Tiles can be retrieved based on position. In the following code, we display the tiles at row 25, column 30 and row 25, column 31 on slide #2.

tile_summary = tiles.dynamic_tiles(2)
tile_summary.get_tile(25, 30).display_tile()
tile_summary.get_tile(25, 31).display_tile()
Slide #2, row #25, column #30 Slide #2, row #25, column #31
Slide #2, Row #25, Column #30 Slide #2, Row #25, Column #31

If an individual tile is required, the dynamic_tile() function can be used.

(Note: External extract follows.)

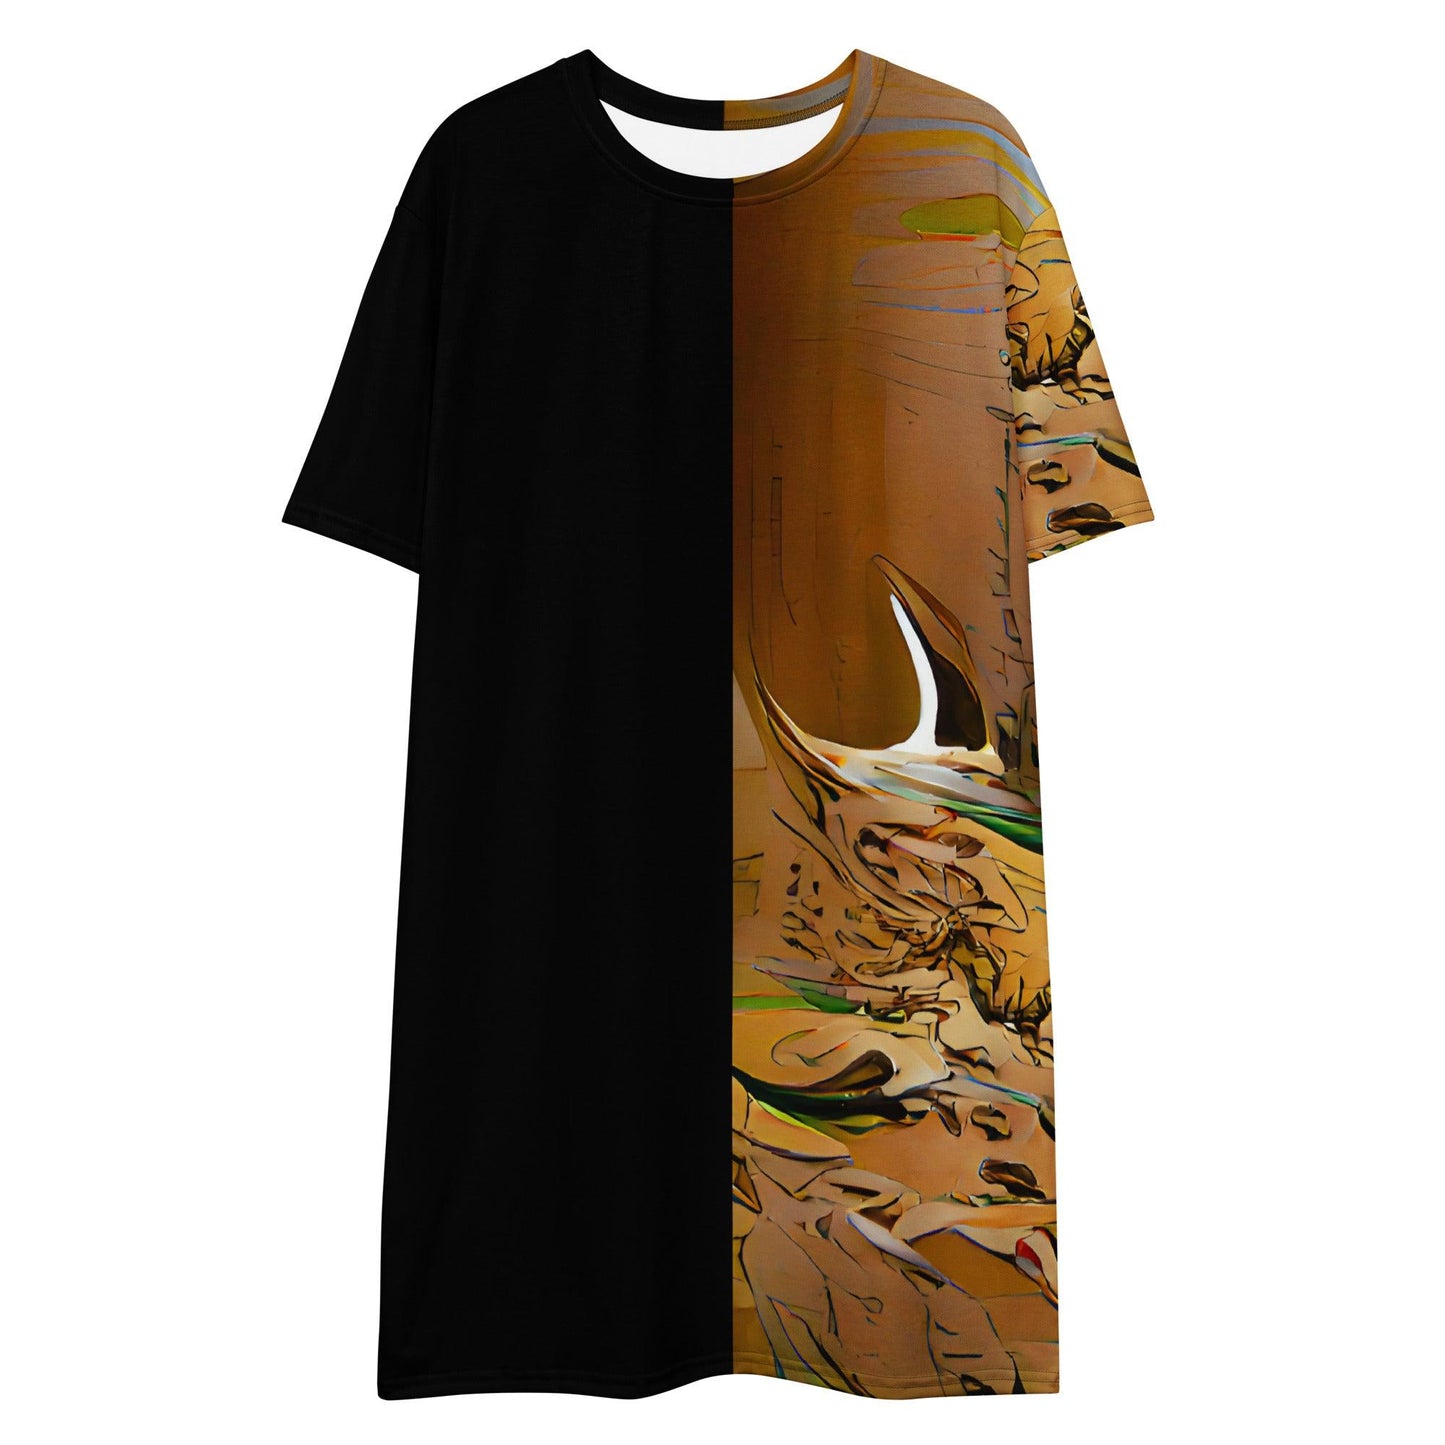 Half Black Half Gaolang - Womens T-Shirt Dress - iSAW Company
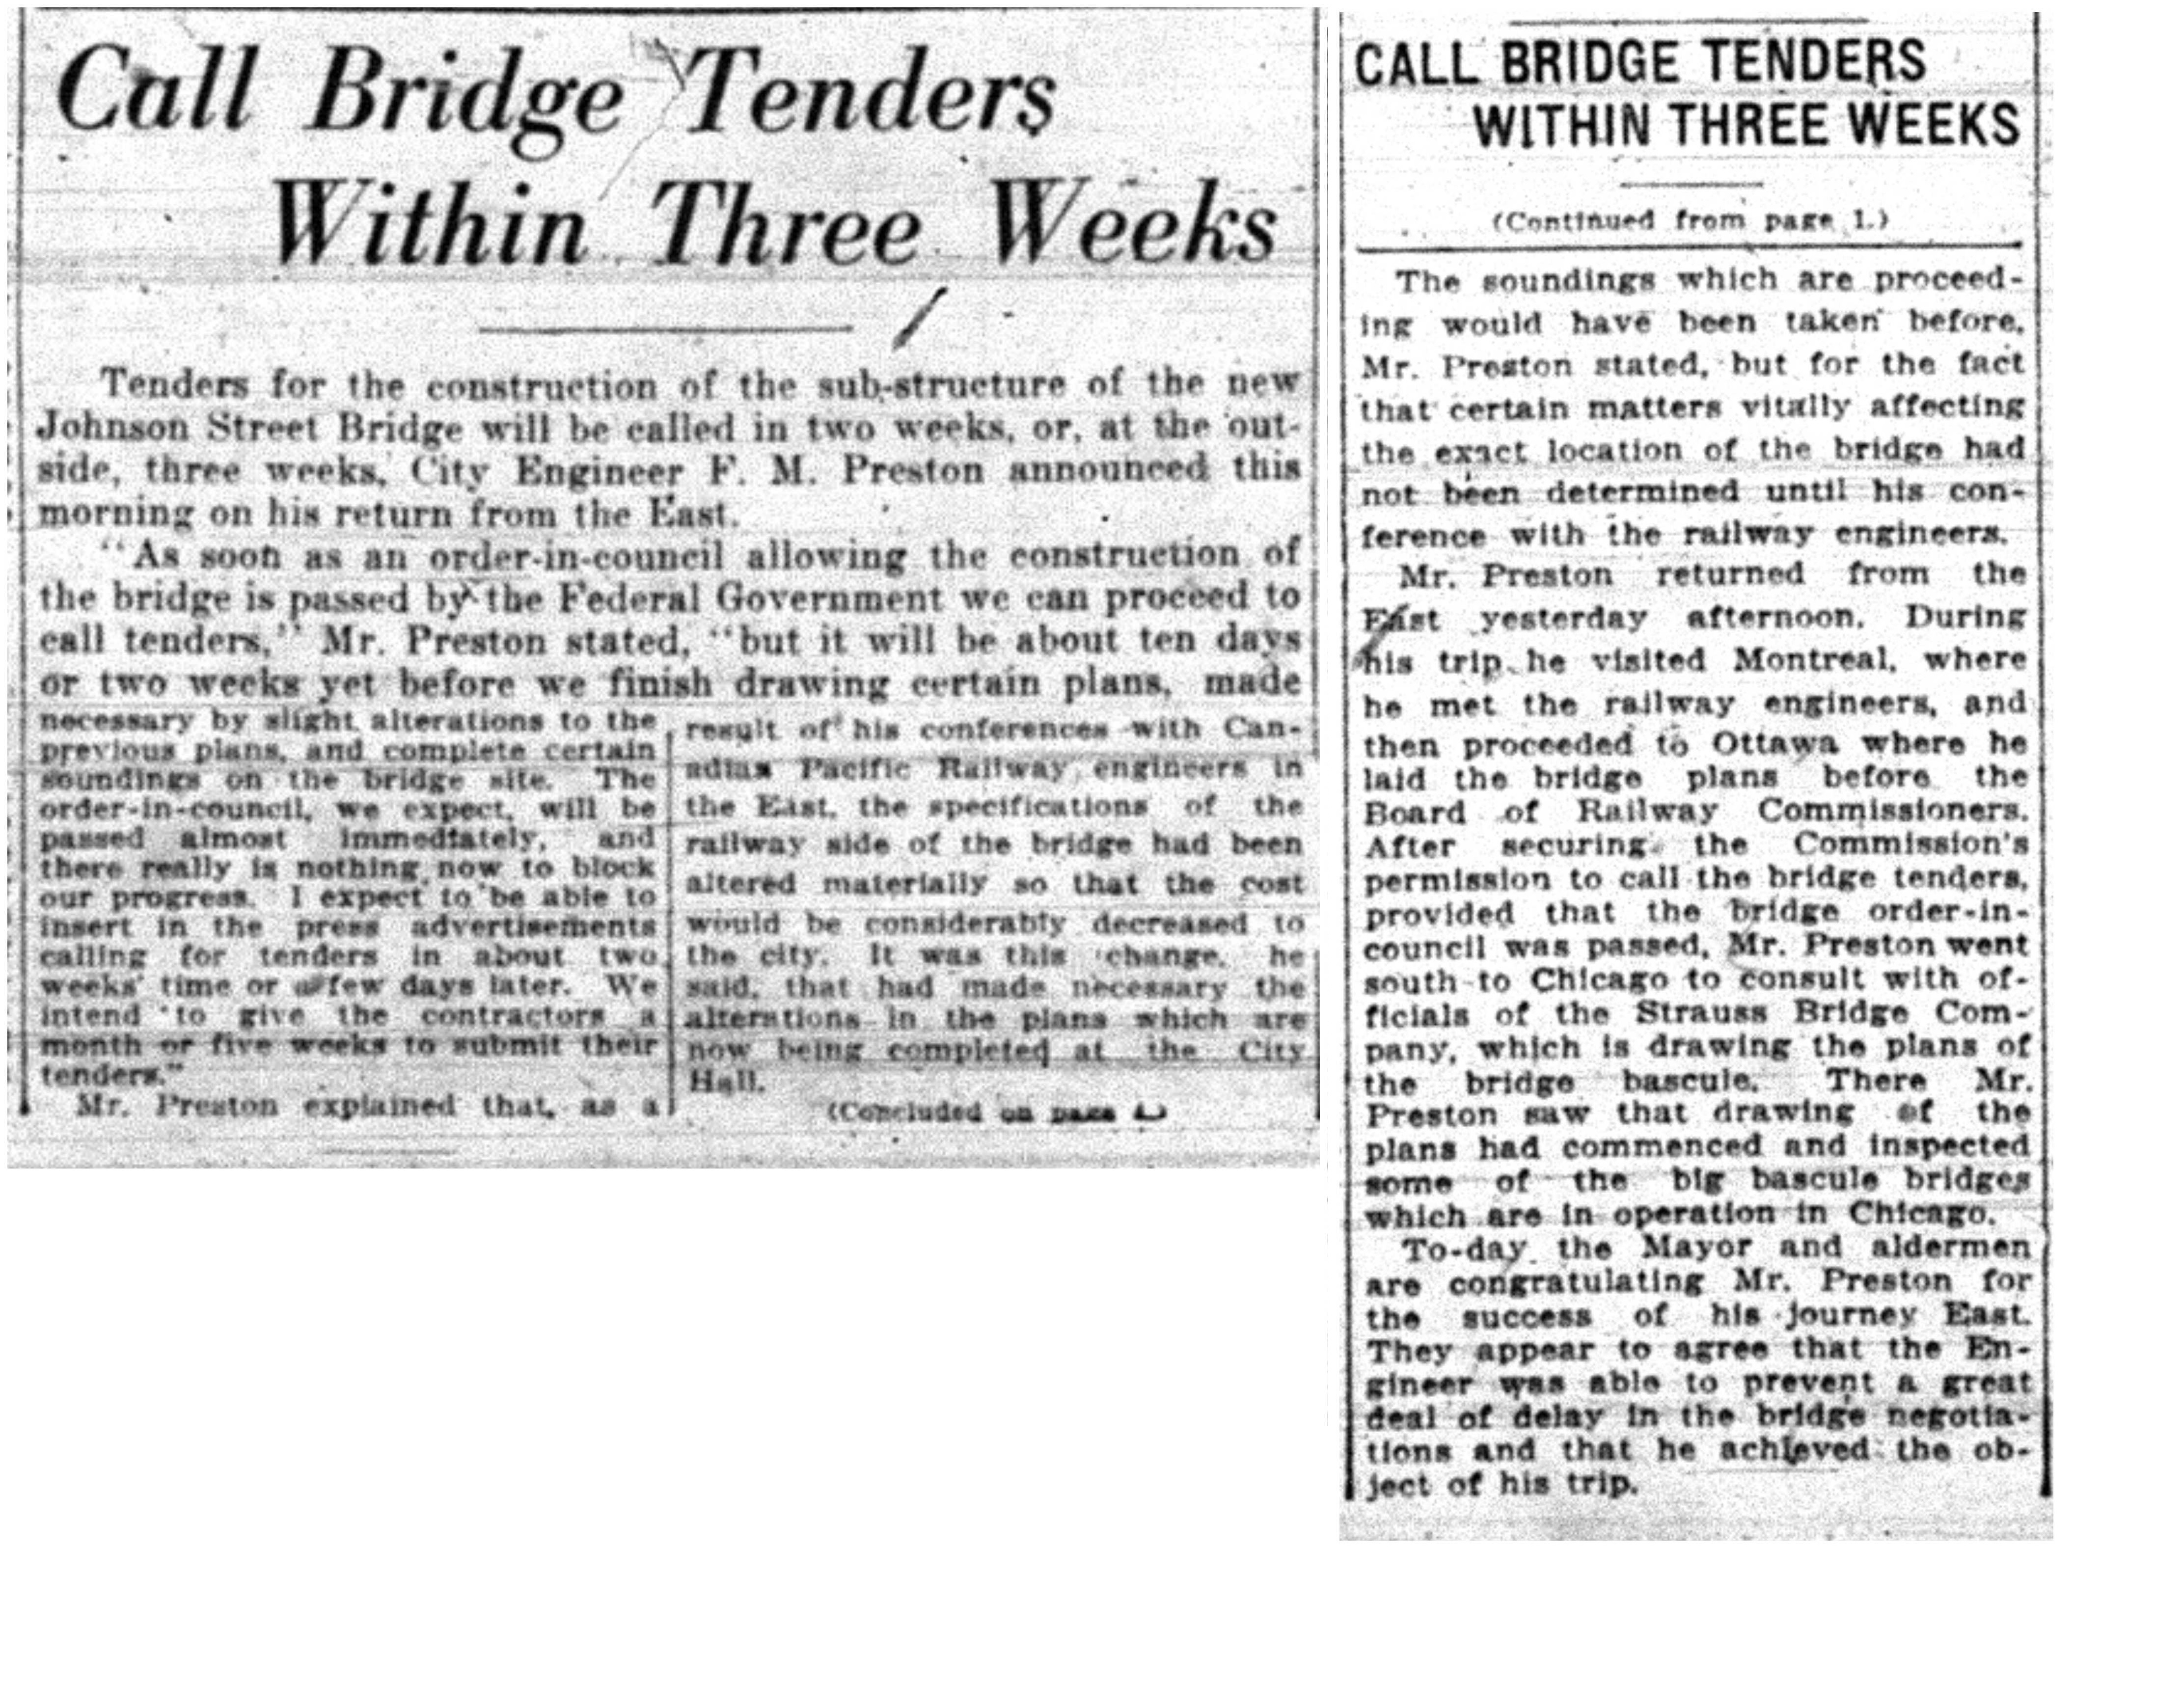 "Call Bridge Tenders Within Three Weeks"

tiles.dynamic_tile(2, 25, 32).display_tile()
Slide #2, row #25, column #32
Slide #2, Row #25, Column #32

If multiple tiles need to be retrieved dynamically, for performance reasons dynamic_tiles() is preferable to dynamic_tile().

Summary

In this article series, we’ve taken a look at how Python, in particular with packages such as NumPy and scikit-image, can be used for tissue segmentation in whole-slide images. To efficiently process images in our data set, we utilized OpenSlide to scale down the slides. Using NumPy arrays, we investigated a wide variety of image filters and settled on a combination and series of filters that demonstrated fast, acceptably accurate tissue segmentation for our data set. Following this, we divided the filtered images into tiles and scored the tiles based on tissue percentage and color characteristics such as the degree of hematoxylin staining versus eosin staining. We then demonstrated how we can retrieve the top-scoring tiles that have high tissue percentages and preferred staining characteristics. We saw how whole-slide images could be processed in batches or dynamically. Scaling, filtering, tiling, scoring, and saving the top tiles can be accomplished in batch mode using multiprocessing in the following manner.

slide.multiprocess_training_slides_to_images()
filter.multiprocess_apply_filters_to_images()
tiles.multiprocess_filtered_images_to_tiles()

The previous code generates HTML filter and tile pages that simplify visual inspection of the image processing and the final tile results. Because the average number of pixels per whole-slide image is 7,670,709,629 and we have reduced the data to the top 50 1,024×1,024 pixel tiles, we have reduced the raw image data down by a factor of 146x while identifying tiles that have significant potential for further useful analysis.